Hunter color measurement of flours was carried out using a Hunter Colorimeter fitted with optical sensor (Hunter Associates Laboratory Inc. Restan VA., USA) on the basis of L*, a*, b* color system.

Rusk preparation

Rusks were prepared by following the method described by Mallik and Kulkarni (2010). Dough was prepared by blending 500 g wheat flour/wheat-barley flour blends with 80 g fat, 80 g sugar, 4 g salt and 16 g yeast. In control samples, additionally 12 g skim milk powder and 220 g water were used. Wheat flour was replaced by barley flour at 10, 15, 20, 25 and 30% levels, respectively. The ingredients after mixing were kneaded to a smooth dough and allowed to stand for 20 min. Again the dough was kneaded and allowed to stand for further 20 min. The dough was then shaped and placed in greased baking tray and allowed to stand for 15 min, for final processing followed by baking at 225 °C for 15–20 min. After baking, the loaves were cooled for 1 h, and then placed in a refrigerator for about 2 h for the ease of slicing. The loaves were then mechanically sliced to pieces about 1 cm of thickness followed by roasting at 200 °C for 15 min in an oven.

Sensory evaluation

The rusks prepared from wheat flour and wheat-barley flour blends were subjected to sensory analysis by a semi trained panel comprising of 30 people. The panellists aged 20–35 years comprised of postgraduate students, research scholars, and faculty members of the department of Food Science and Technology, Chaudhary Devi lal University, Sirsa, Haryana. The sensory testing of the samples was done under ambient conditions in a comfortable and quite area without distractions under proper lighting and controlled temperature. The panellists evaluated the prepared rusks for the parameters crust color, crust hardness, crumb color, crumb chewiness, taste, aroma and overall acceptability.

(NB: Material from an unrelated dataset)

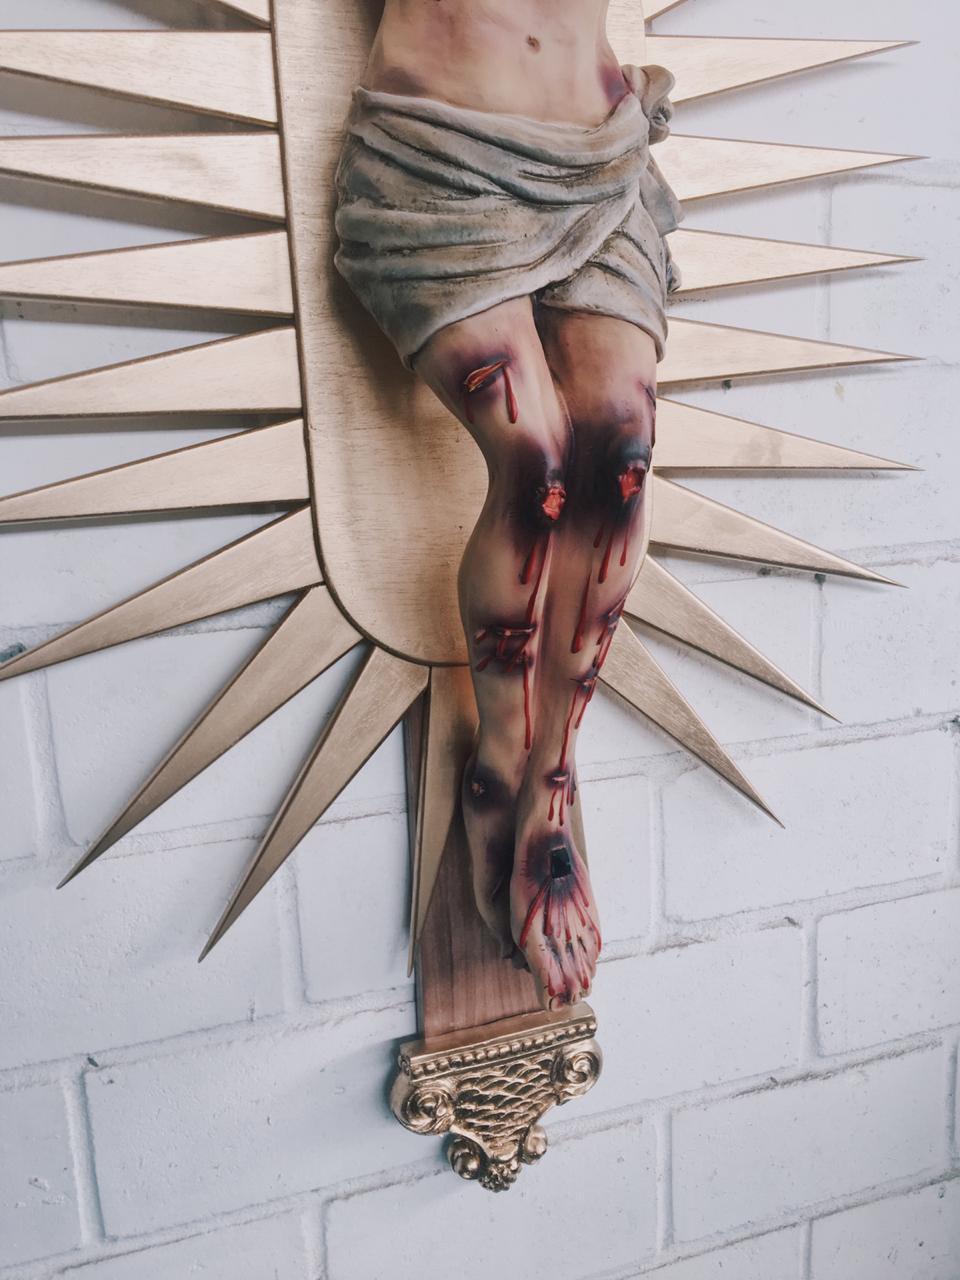 Crucifixo: 220 cm   Corpo: 140 cm (Bom Jesus   Agonia de Cristo)

The samples were served in porcelain dishes labelled randomly with three digit numbers. Each panellist received a rating form scored on a 9 point hedonic scale (9, ‘like extremely’; 8, ‘like very much’; 7, ‘like moderately’; 6, ‘like slightly’; 5, ‘neither like nor dislike’; 4, ‘dislike slightly’; 3, ‘dislike moderately’; 2, ‘dislike very much’; 1, ‘dislike extremely’) to rate the rusks for various parameters. Mineral water was provided as palate cleansers between each sample. After palate cleansing, a pause (15 s) was given before the next assessment. The sensory analysis of rusks was replicated three times with a fresh batch of rusks each time.

Total phenolic content of wheat-barley flour blends and rusks

Total phenolic content was determined by following the Folin–Ciocalteau method as described by Gao et al. (2002). Gallic acid was used as the standard, and results are expressed as μg gallic acid equivalents (GAE)/g of flour.

High performance liquid chromatography (HPLC) analysis of phenolic acids of wheat-barley flour blends and rusks

The prepared methanolic extracts were analyzed for identification and quantification of gallic, ferulic, chlorogenic acid, p-hydroxybenzoic, syringic, p-coumaric, and ferulic acid. HPLC analysis was carried out using Agilent 1260 Infinity series HPLC (Agilent Technologies, Santa Clara, CA) equipped with Quaternary Pump VL (G1311C) and degasser, 1260 ALS auto-sampler (G1329B) and 1260 DAD VL detector (G1315D). Separations were achieved using ZORBAX Eclipse C18 column (Agilent Technologies) under the gradient flow of 0.1% acetic acid in water (v/v) as solvent A and methanol as solvent B. The gradient flow was run as described by Kumar et al. (2014) (0–1 min, 30% B; 1–10 min, 65% B; 10–14 min, 80% B; 14–16 min, 80% A; 16–17 min, 40% B; 17–20 min, 35% B and 20–21 min, 30% B) and the detection wavelength was set as 280 nm. The flow rate was adjusted as 1 ml min−1 and the column temperature was set as 30 °C. The injection volume was set as 5 µl. For the purpose of quantification, the calibration curve was prepared using a mixture of purified standards such as gallic, ferulic, chlorogenic acid, p-hydroxybenzoic, syringic, p-coumaric, and ferulic acid. The results were expressed as µg/g DW of the sample.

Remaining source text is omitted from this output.